▶ **EXERCISE REQUIREMENTS**
A faithful copy of all the data is required; pictures should not be included.

** DATASET RECORDS follows **

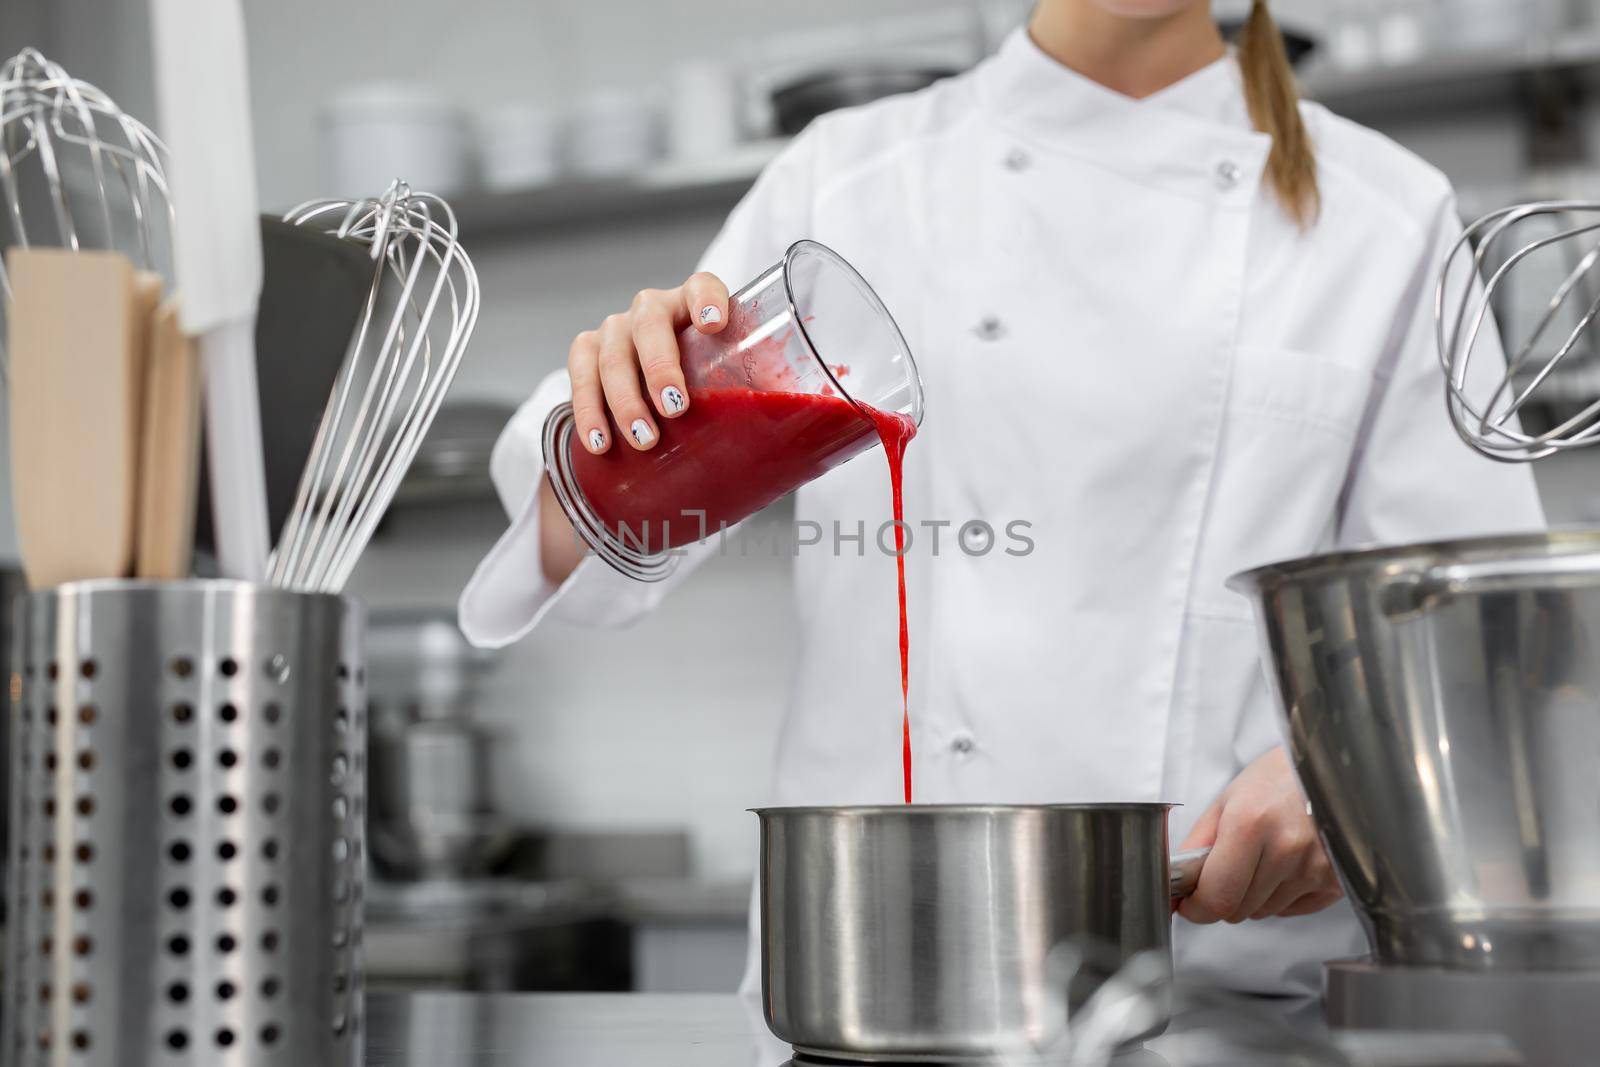 Pastry chef pours strawberry puree into a saucepan.
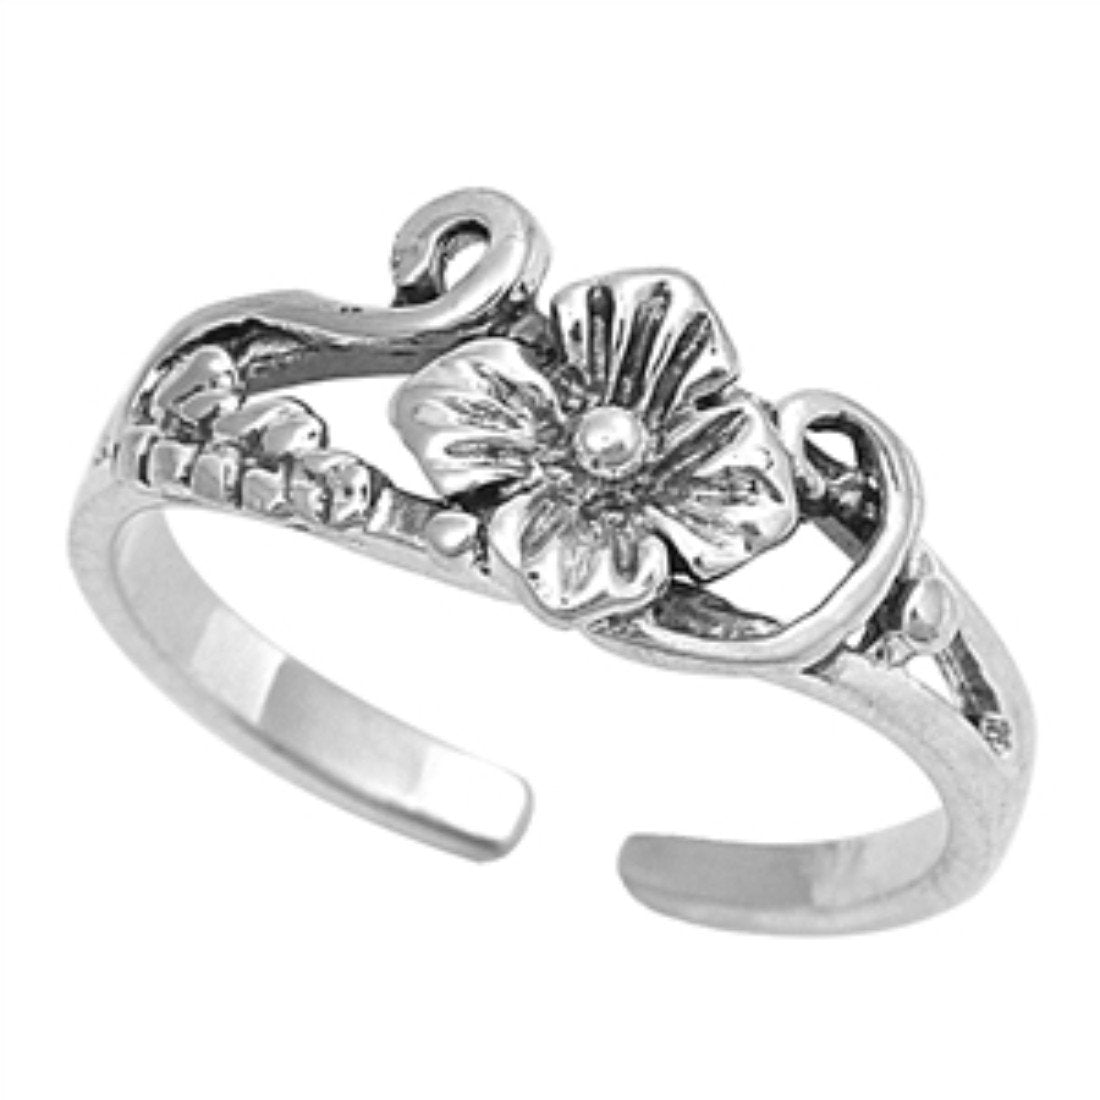 Flower Toe Ring Adjustable Band 925 Sterling Silver For Women (6mm)
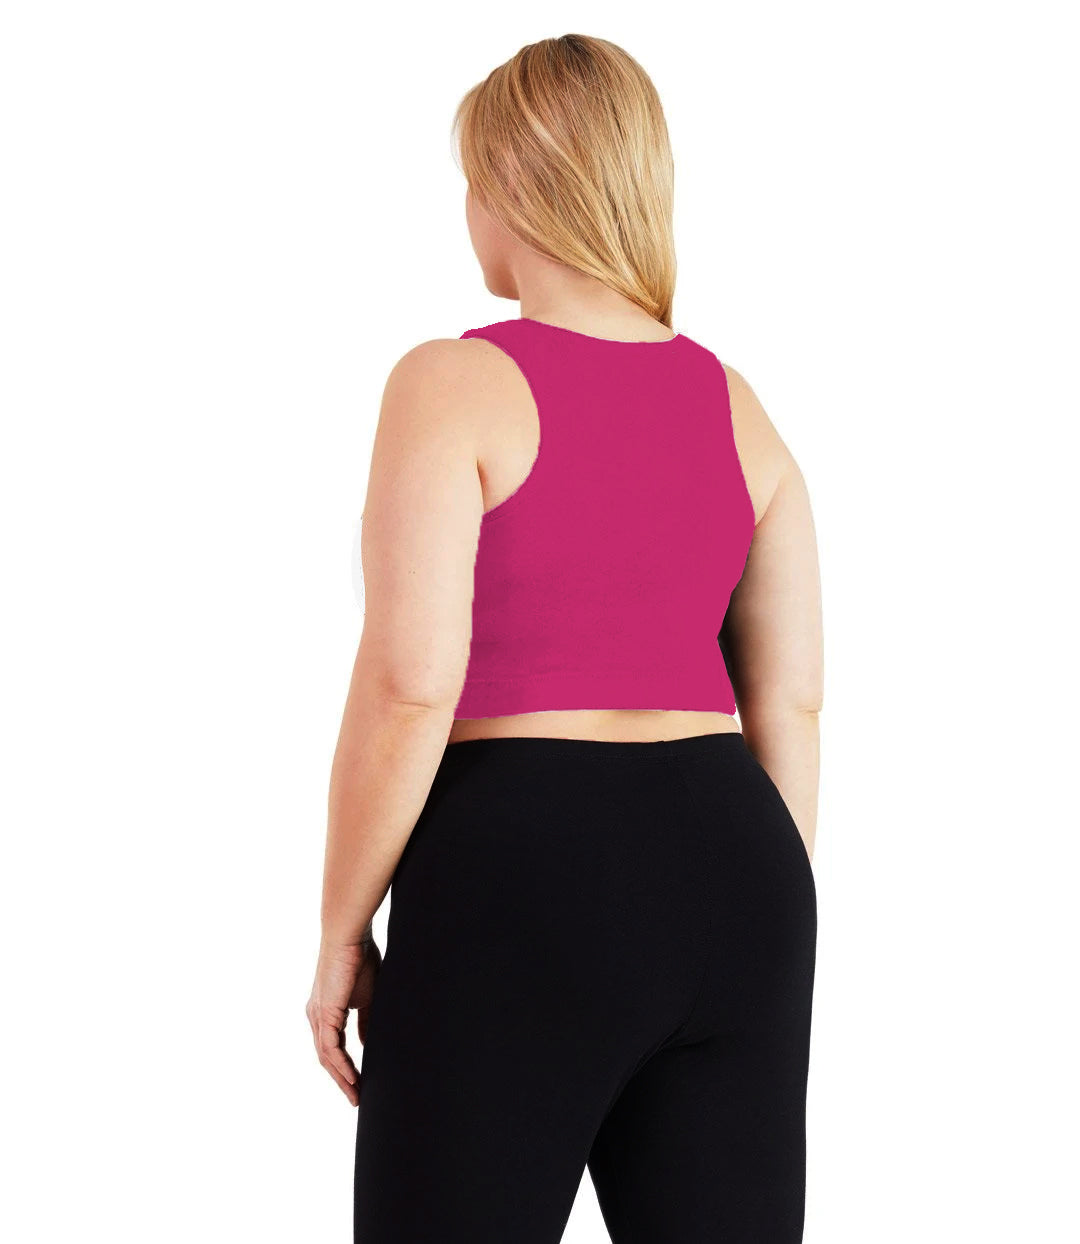 Plus size woman, facing back, wearing JunoActive plus size Stretch Naturals V-Neck Bra top in Geranium Pink. The woman is wearing black JunoActive plus size leggings. Her arms fall naturally to her side.
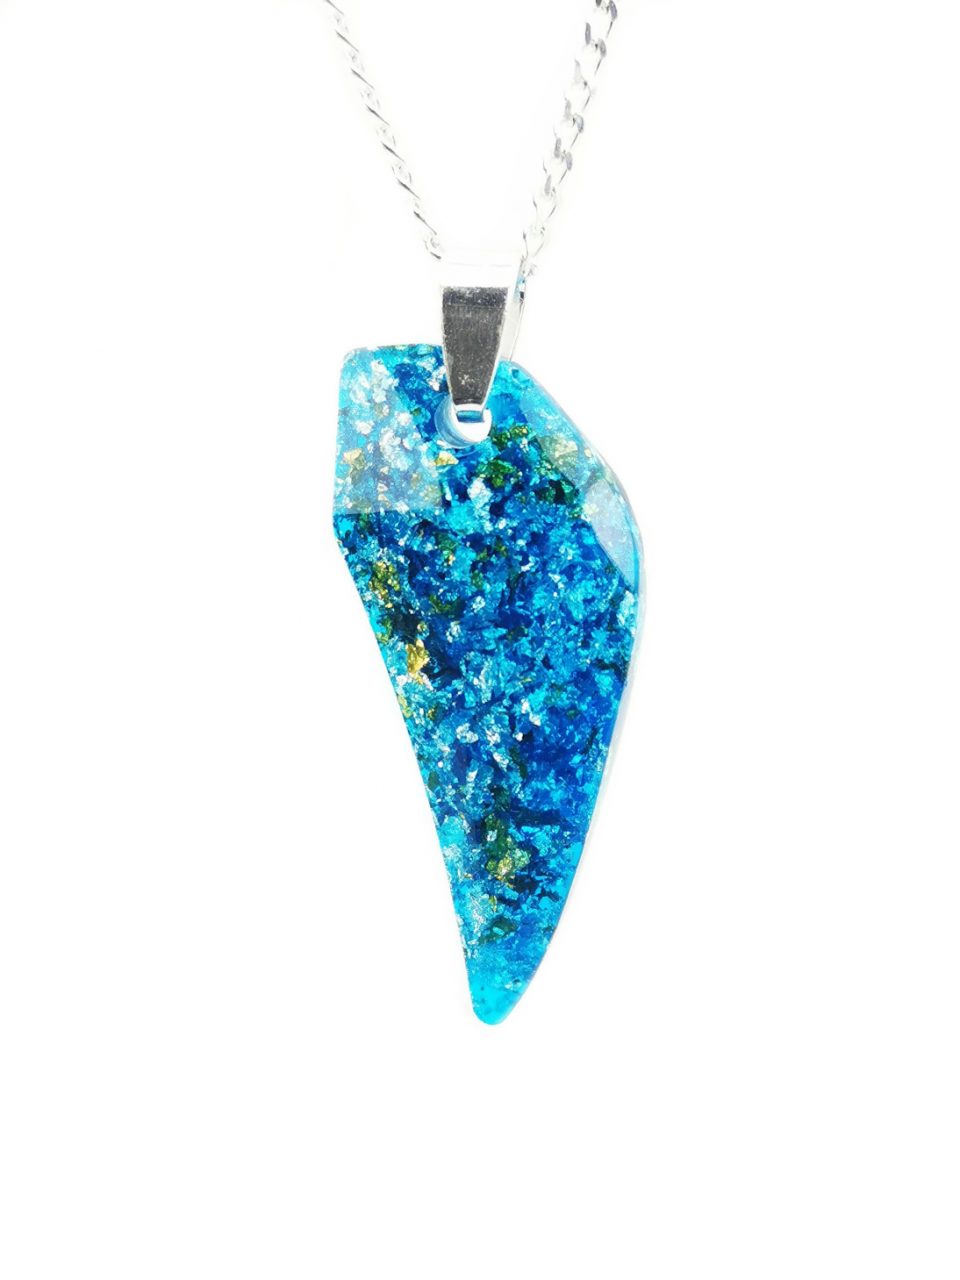 Blue Wing Orgone Pendant by OrgoneVibes
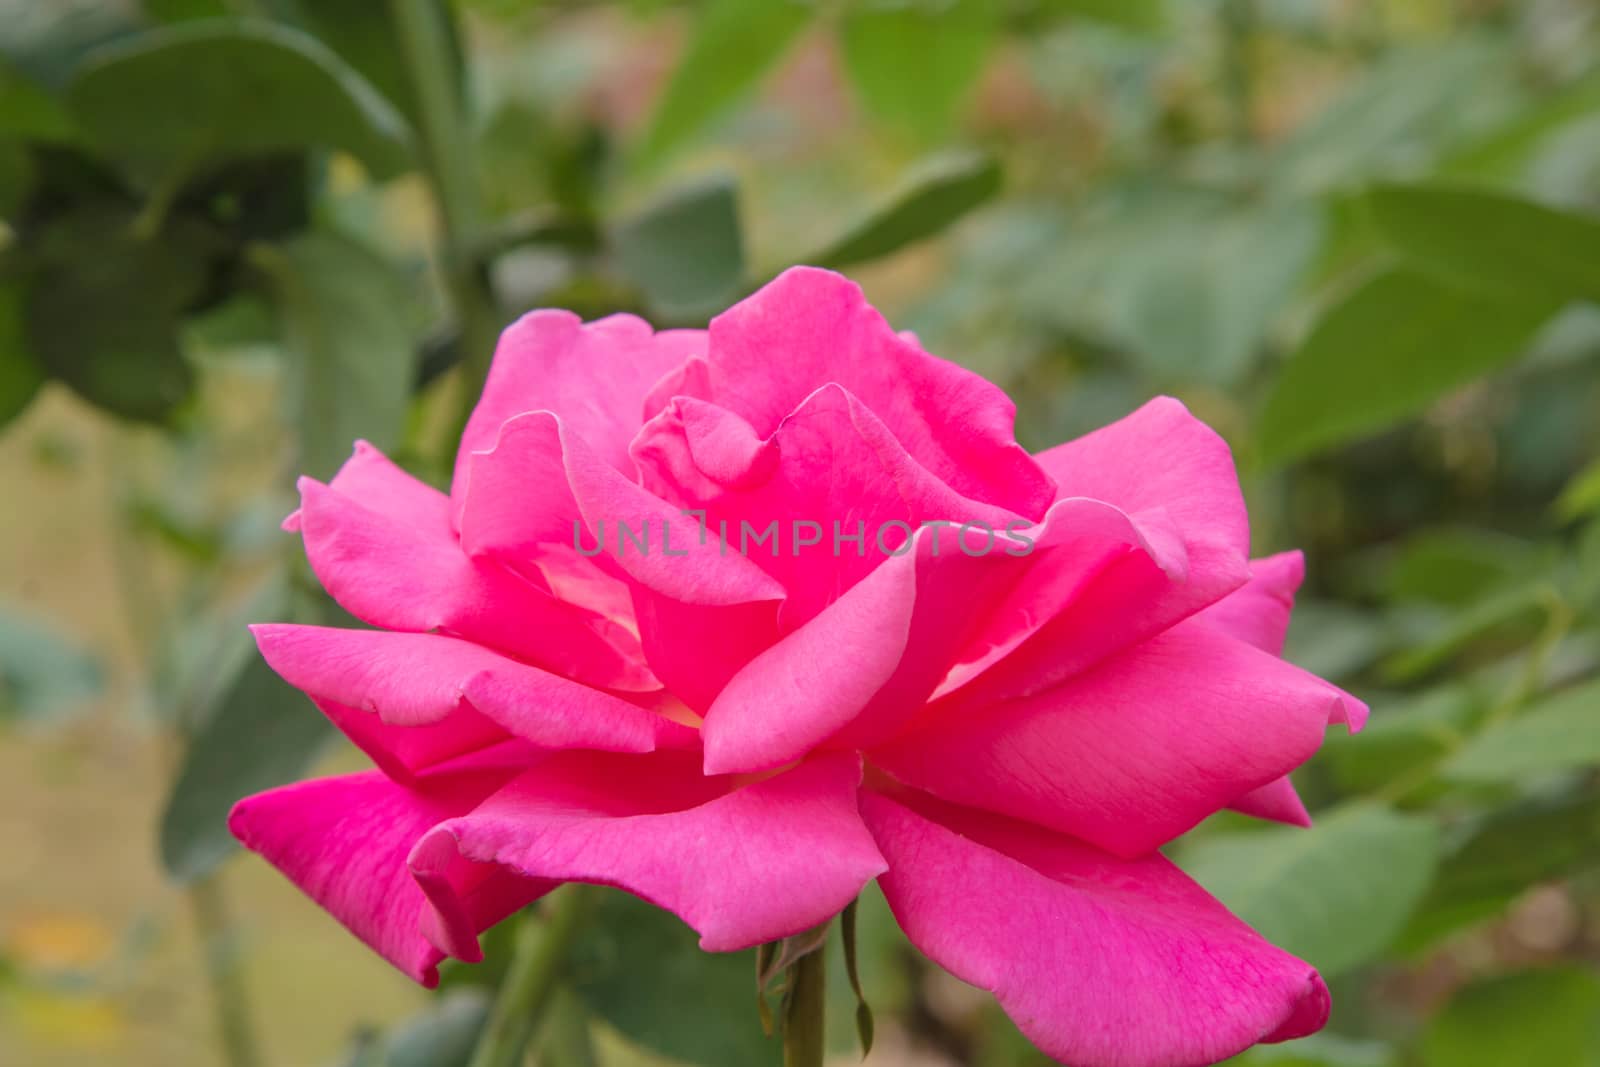 beautiful roses colurful (petals, leaves, bud and an open flower)

** End of DATASET RECORDS **

▶ **RESULT OF THIS TASK**
 Pastry chef pours strawberry puree into a saucepan.
 Flower Toe Ring Adjustable Band 925 Sterling Silver For Women (6mm)
 Plus size woman, facing back, wearing JunoActive plus size Stretch Naturals V-Neck Bra top in Geranium Pink. The woman is wearing black JunoActive plus size leggings. Her arms fall naturally to her side.
 Blue Wing Orgone Pendant by OrgoneVibes
 beautiful roses colurful (petals, leaves, bud and an open flower)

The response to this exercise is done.